À Perpignan, le maire Louis Aliot se présente comme le champion de l’éthique et de l’intérêt général, fustigeant les conflits d’intérêts et le « mélange des genres ». Pourtant, les faits révélés par la Chambre Régionale des Comptes (CRC) et les enquêtes judiciaires en cours dessinent une tout autre réalité : celle d’une gestion municipale où les proches et les idéologues semblent bénéficier de passe-droits, tandis que la justice s’intéresse de près à plusieurs marchés publics.
Des leçons de morale à géométrie variable
Louis Aliot n’hésite pas à donner des leçons de probité à ses opposants, brandissant une « boussole de l’intérêt général ». Mais quand on examine de près la gestion de la ville, le discours vertueux se heurte à une série de pratiques troublantes, désormais documentées par la CRC.
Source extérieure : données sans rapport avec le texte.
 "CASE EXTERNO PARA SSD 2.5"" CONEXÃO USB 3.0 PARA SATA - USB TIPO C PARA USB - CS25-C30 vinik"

Le cas de « l’étude qualitative pour comprendre et anticiper les rapports des habitants à leur ville dans une démarche globale » : un marché public sur mesure
En juin 2021, le cabinet de Christophe Gervasi, proche du Rassemblement National, décroche un marché de 26 400 €. Problème : la mairie n’a sollicité d’autres entreprises que deux semaines plus tard, en leur imposant un délai de réponse de deux jours seulement. Une manière efficace d’écarter toute concurrence et de réserver le marché à un proche? La CRC a pointé cette procédure comme « un exemple de rupture de l’égalité de traitement entre les candidats ».
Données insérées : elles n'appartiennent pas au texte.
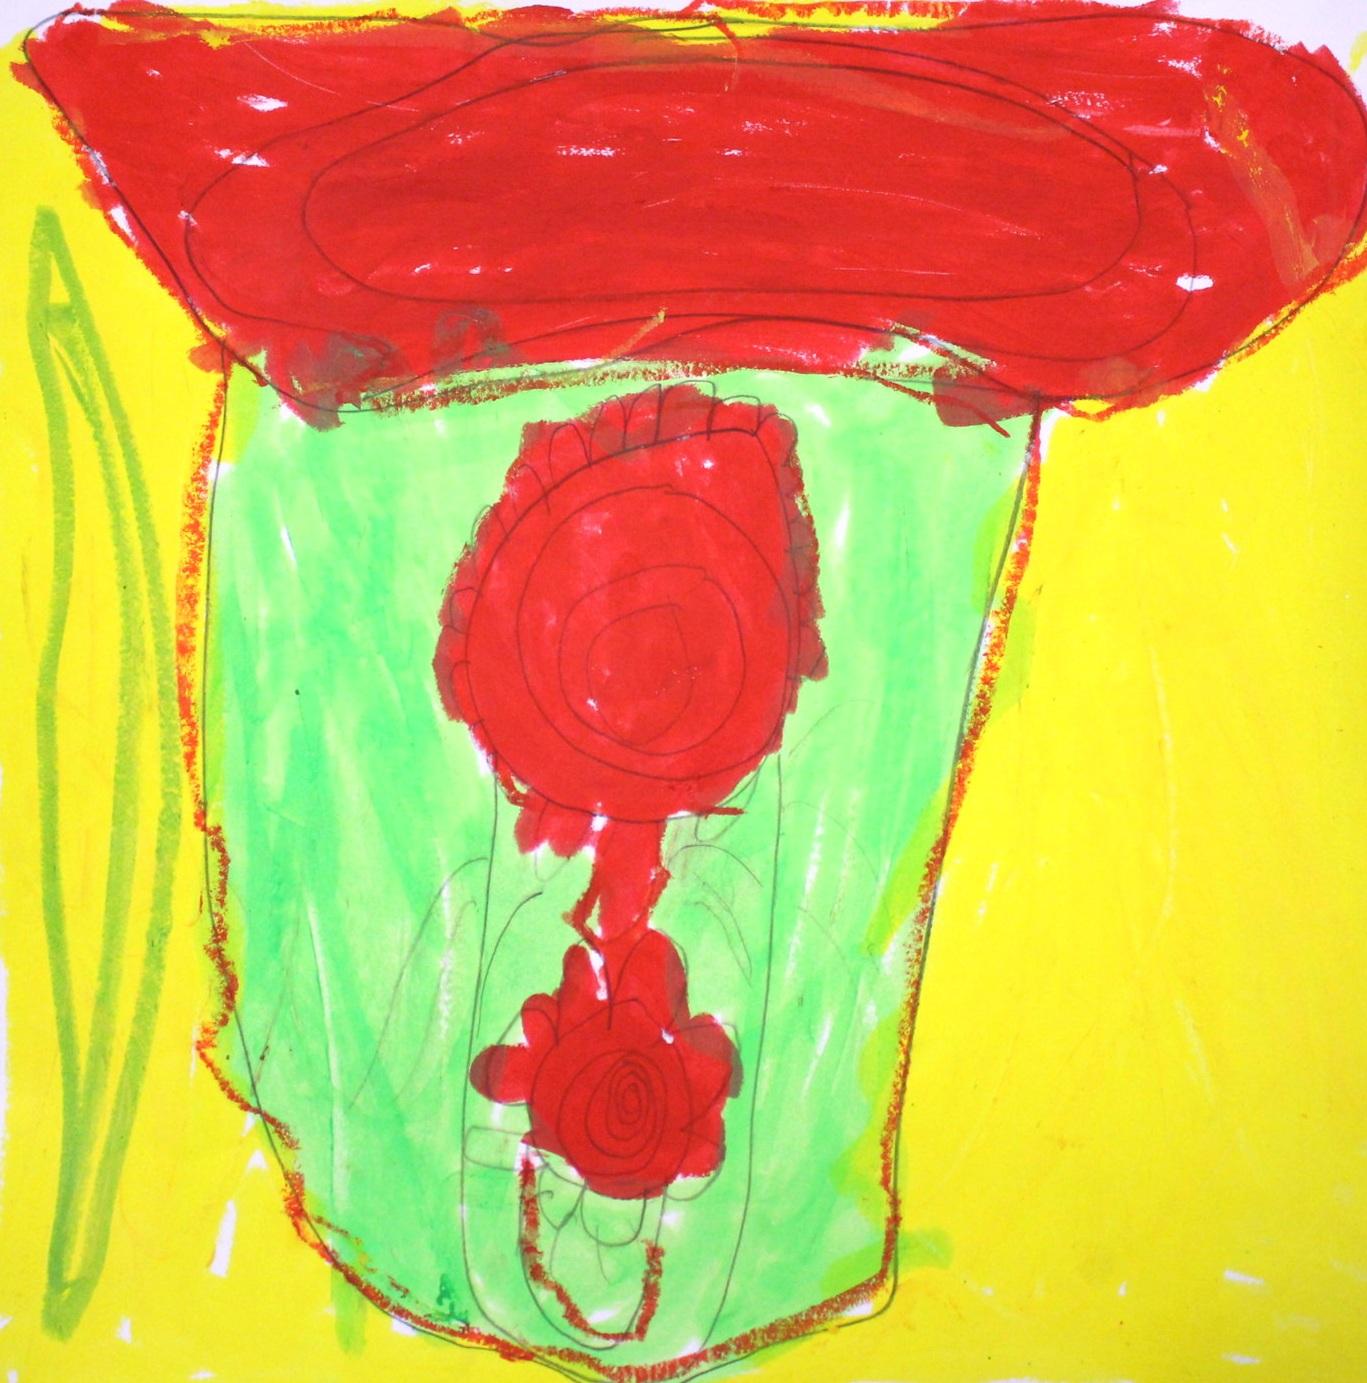 Grade 1: William A. - Georgia O'Keeffe Inspired Flowers

Josiane Cabanas : 23 400 € sans livrable
Ancienne colistière ralliée à Louis Aliot, Josiane Cabanas a perçu 23 400 € sous forme de versements mensuels pour la réalisation de missions de valorisation du patrimoine. La CRC souligne qu’aucune étude n’a été rendue et que « le recours à un contrat de travail semblait plus approprié ».
L’audit sécurité de Xavier Raufer : 44 400 € pour un catalogue de faits divers
Le criminologue Xavier Raufer, figure de l’extrême droite, a été rémunéré 44 400 € pour un rapport de 37 pages, dont un quart est un simple sommaire. Qualifié de « catalogue des activités criminelles sans recommandations adaptées au contexte de Perpignan » par la CRC, ce document ne contiendrait aucune recommandation utile pour la ville.
L’opacité comme système, la justice sur le pied de guerre
En juin 2025, la mairie de Perpignan a été perquisitionnée par la police judiciaire, dans le cadre d’une enquête pour favoritisme concernant quatre marchés publics, dont ceux attribués à Gervasi, Cabanas et Raufer. Louis Aliot n’a pas manqué de dénoncer des « accusations calomnieuses ».
A cela il faut ajouter qu’en février 2026, Louis Aliot a été condamné en première instance à 18 mois de prison, dont 6 mois ferme et trois ans d’inéligibilité, pour détournement de fonds publics dans l’affaire des assistants parlementaires du FN. Il a interjeté appel de cette décision, dont les conclusions définitives sont attendues au début de l’été 2026.
Entre discours et réalité, un fossé béant
À Perpignan, la lutte contre les conflits d’intérêts semble s’arrêter aux portes de l’Hôtel de Ville. Les faits révélés par la CRC montrent que le « parti-pris des copains » n’est pas une exception, mais bien une pratique installée. Alors que Louis Aliot dénonce les « coups bas » de l’opposition et les « peaux de banane » électorales, les rapports officiels et les procédures judiciaires dressent un portrait accablant, à quelques semaines des élections municipales.